Baht drops most in six weeks

Baht drops most in six weeks

Thailand's baht fell the most in six weeks on concern anti-government protests will continue to crimp economic growth.

Gross domestic product increased 0.6% in the last three months of 2013, the least since the first quarter of 2012, official data showed Monday. Protest leader Suthep Thaugsuban called on supporters on Monday to join what he called the "final battle" against caretaker Prime Minister Yingluck Shinawatra tomorrow. The baht touched a two-month high on Tuesday and its 14-day relative strength index reached 28 on Monday, below the 30 threshold that suggests to some traders a turnaround is likely.

"The impact on the economy from the protests will be quite severe in the current quarter," said Toru Nishihama, an economist covering emerging markets at Dai-ichi Life Research Institute Inc in Tokyo. "For the baht to see further appreciation from here, we need much better news like the ending of the demonstrations. From a technical perspective, the baht seems to be overbought."

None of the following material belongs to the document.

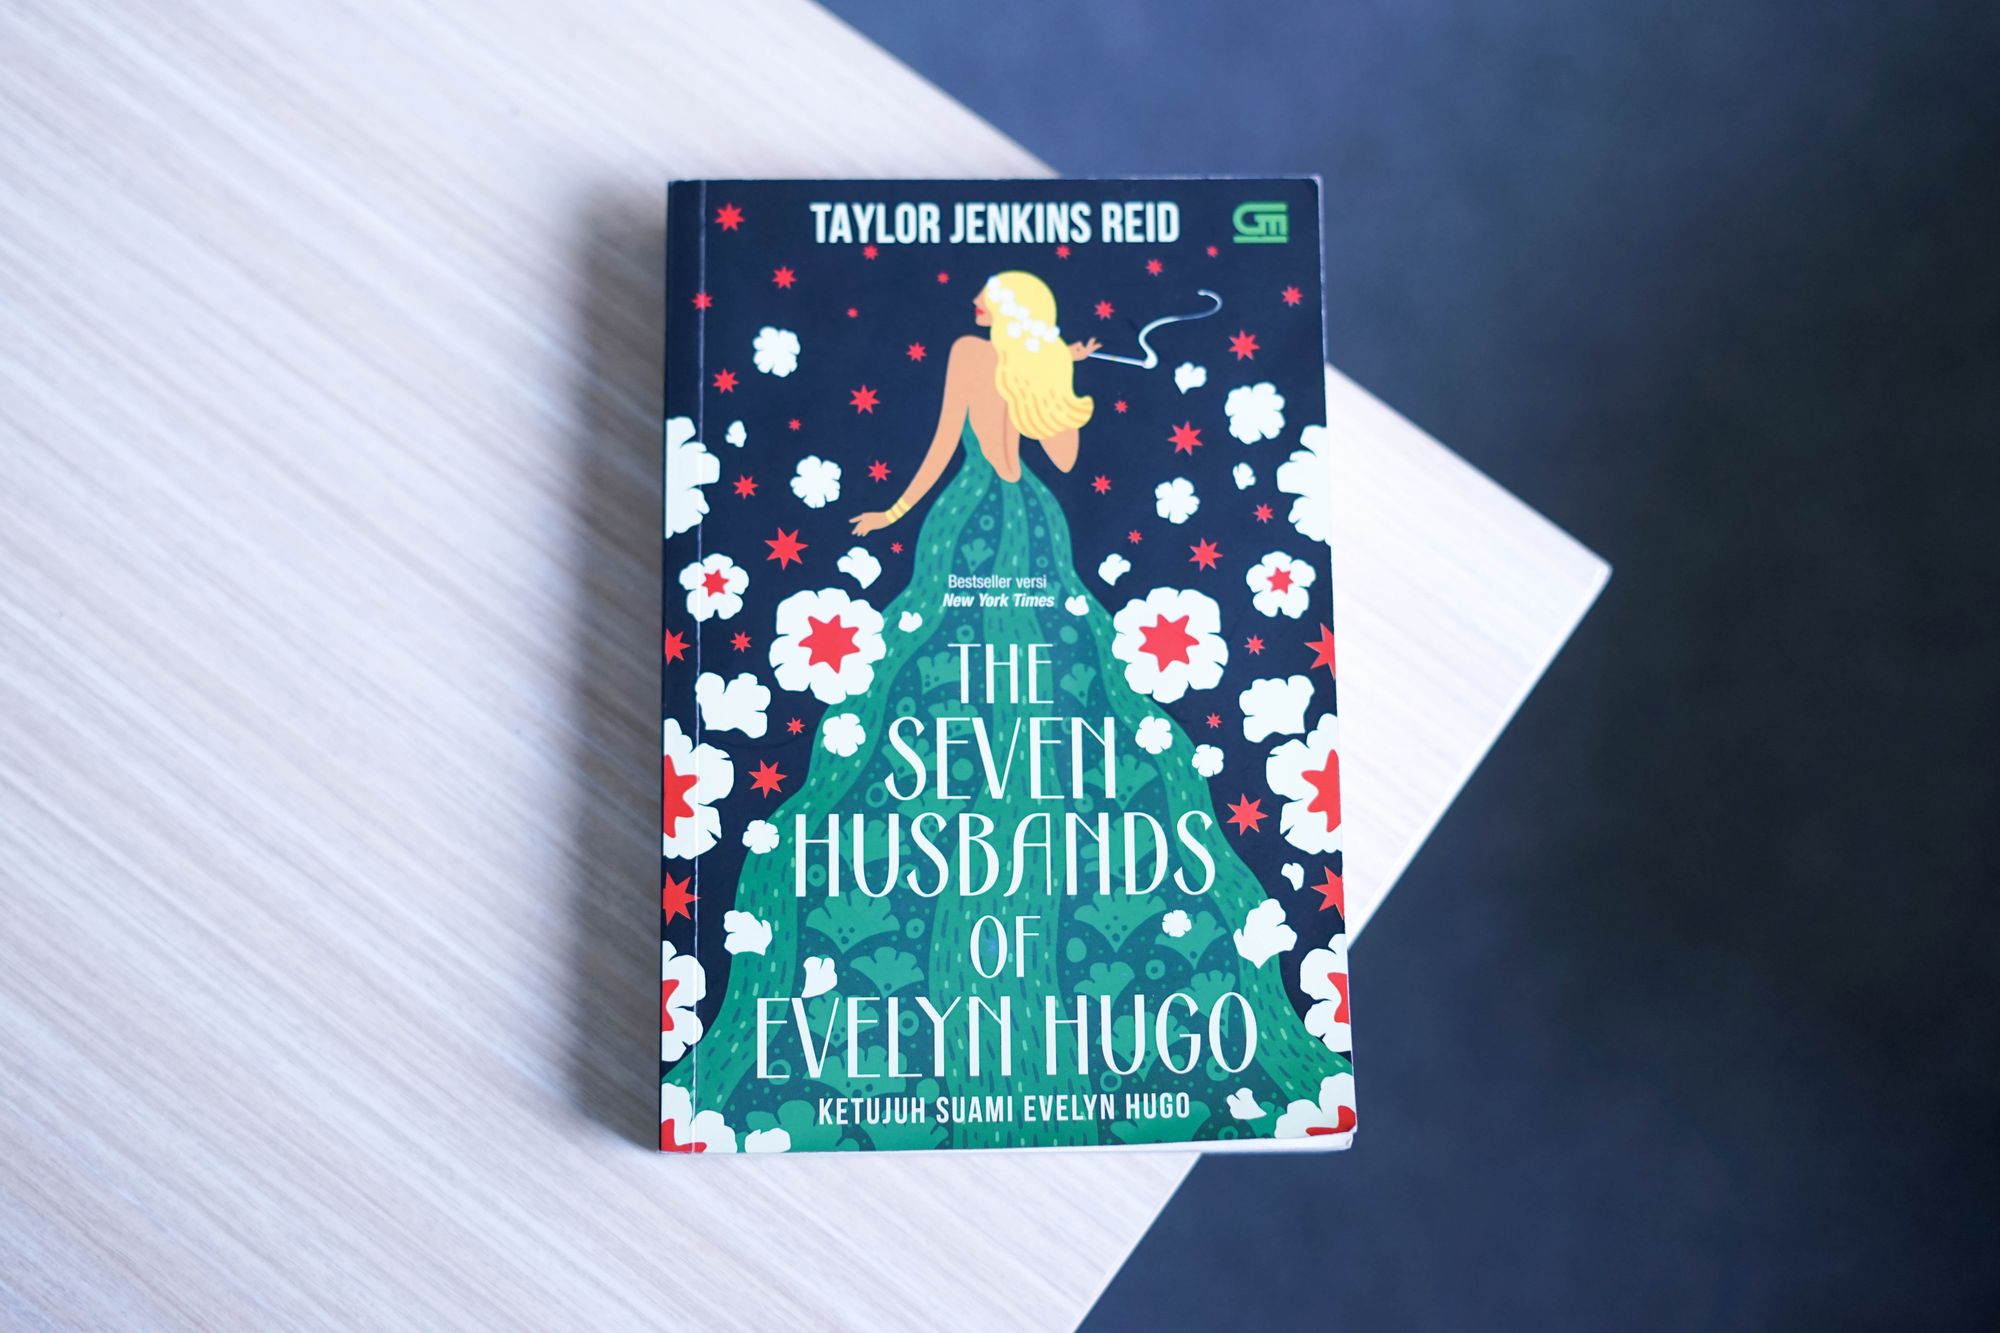 Ketujuh Suami Evelyn Hugo: Siapa yang Paling Ia Cintai?

The baht dropped 0.5%, the most since Jan 2, to 32.43 per United States dollar as of 9.21am in Bangkok, according to data compiled by Bloomberg. It touched 32.207 earlier, the strongest level since Dec 19. The currency has weakened 4% since the end of October, when the protests began.

One-month implied volatility, a measure of expected moves in the exchange rate used to price options, fell seven basis points, or 0.07 percentage point, to 6.27%.

The economy grew 2.9% in 2013, compared with a revised 6.5% the previous year, according to the data released on Monday. The growth was in line with the central bank's expectations and current monetary policy is accommodative, Bank of Thailand spokeswoman Roong Mallikamas said Monday.

The yield on the 3.125% government bonds due December 2015 was steady at 2.35%, data compiled by Bloomberg show. The yield has dropped 24 basis points this year.